FIG. 7A represents an example in which an output (pulse width: t1) of PWM1 and an output (pulse width: t2) of PWM2 are combined to produce a PWM output signal with a pulse width of t3=t1+t2. The outputs of PWM1 and PWM2 are issued after delays of t11 and t12, respectively, in sync with a common horizontal sync signal (BD signal). If there are no variations in the designated pulse widths, a combined output of t3=t1+t2 is produced.
On the other hand, FIG. 7B represents an example in which, because of an error caused in synchronization accuracy of PWM2, the output of PWM2 which should be issued after t12 is issued after t13. In this example, the combined output has a pulse width of t4 (t4<t3). Accordingly, a pulse width smaller than the desired value is resulted.
Further, FIG. 7C represents an example in which, because of an error caused in synchronization accuracy of PWM2, the output of PWM2 which should be issued after t12 is issued after t14. In this example, a combined pulse has a “split” and is separated into two pulses.
FIG. 8A similarly represents an example in which an output (pulse width: t1) of PWM1 and an output (pulse width: t2) of PWM2 are combined to produce a PWM output signal with a pulse width of t3=t1+t2. The outputs of PWM1 and PWM2 are issued after delays of t11 and t12, respectively, in sync with a common horizontal sync signal (BD signal). If there are no variations in the designated pulse widths, a combined output of t3=t1+t2 is produced.
Also, FIG. 8B represents an example in which, because of an error caused in pulse width of PWM1, the output of PWM1 which should be issued with the pulse width of t1 is issued with a pulse width of t5 (t5>t1). In this example, the combined output has a pulse width of t6=t1+t2 and the pulse width is not changed.
On the other hand, FIG. 8C represents an example in which, because of an error caused in pulse width of PWM1, the output of PWM1 which should be issued with the pulse width of t1 is issued with a pulse width of t8 (t8<t1).
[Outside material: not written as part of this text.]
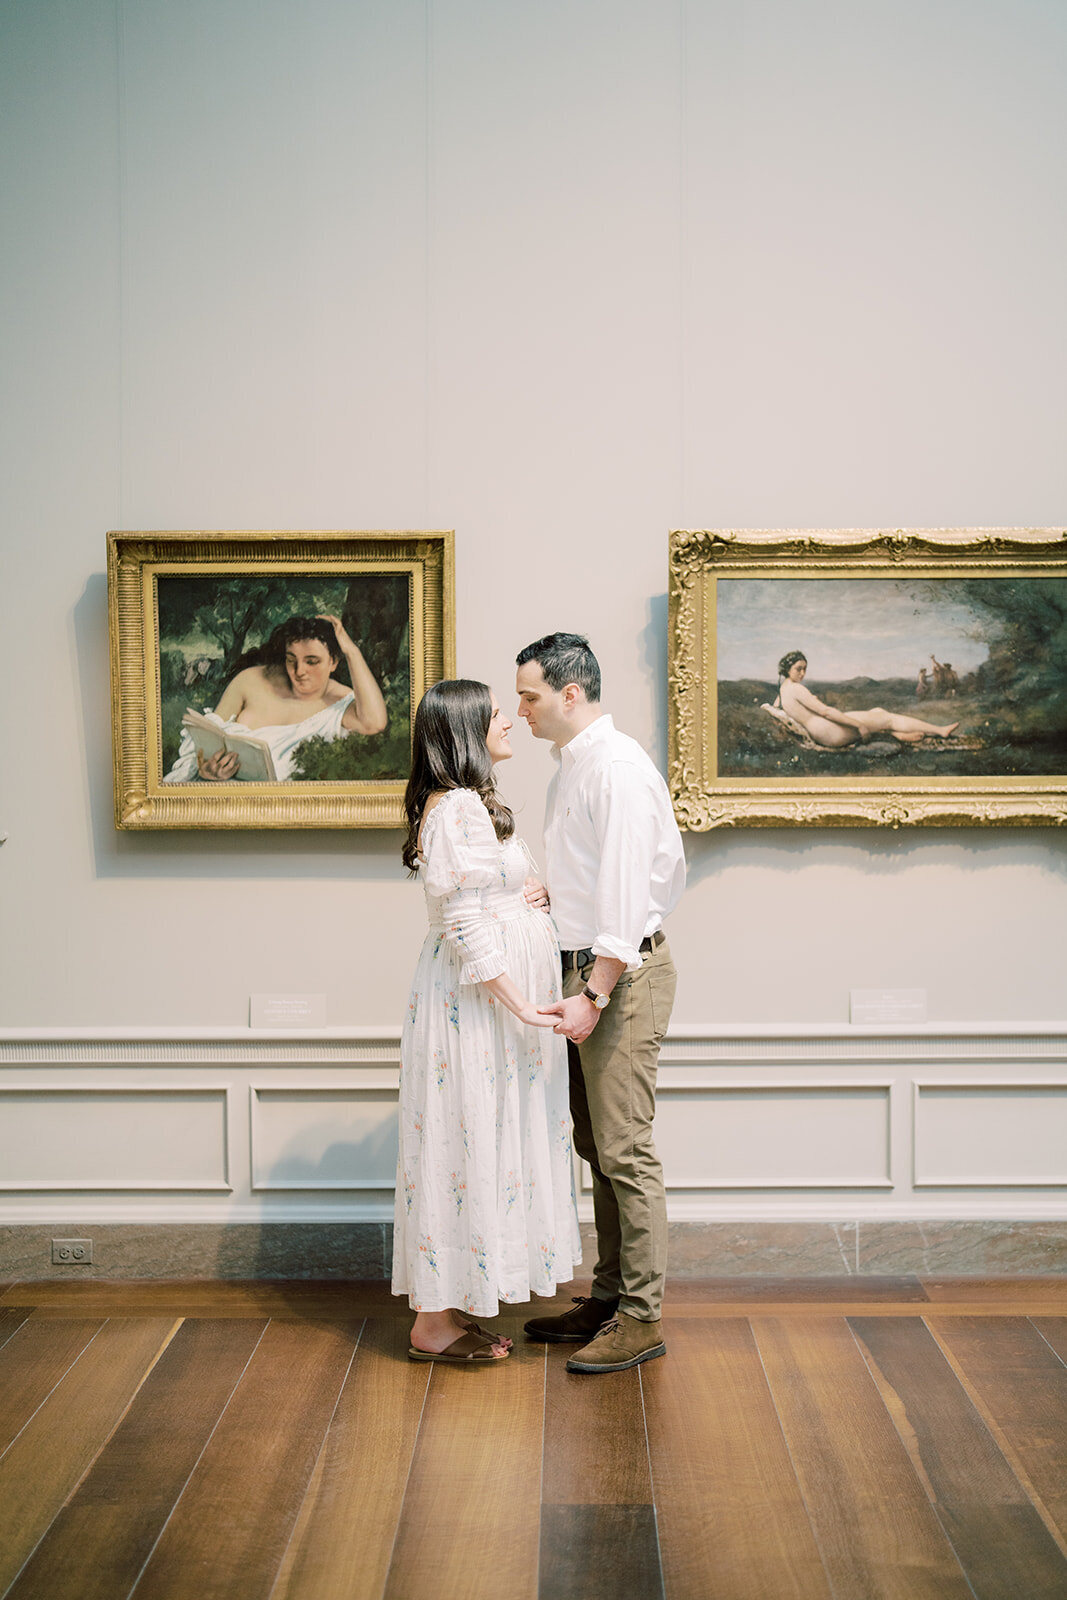 Pregnant mother stands holding her husband's hand and looking into each other's eyes in the National Gallery of Art.

In this example, a combined pulse signal has a “split” and is separated into two pulses.
Thus, because of errors in synchronization accuracy or variations in pulse width between PWM1 and PWM2, the combined PWM output is apt to have a pulse width differing from the desired value or to cause a “split”, and an image is apt to show thickening or thinning of lines or to include white streaks. This results in deterioration of image quality.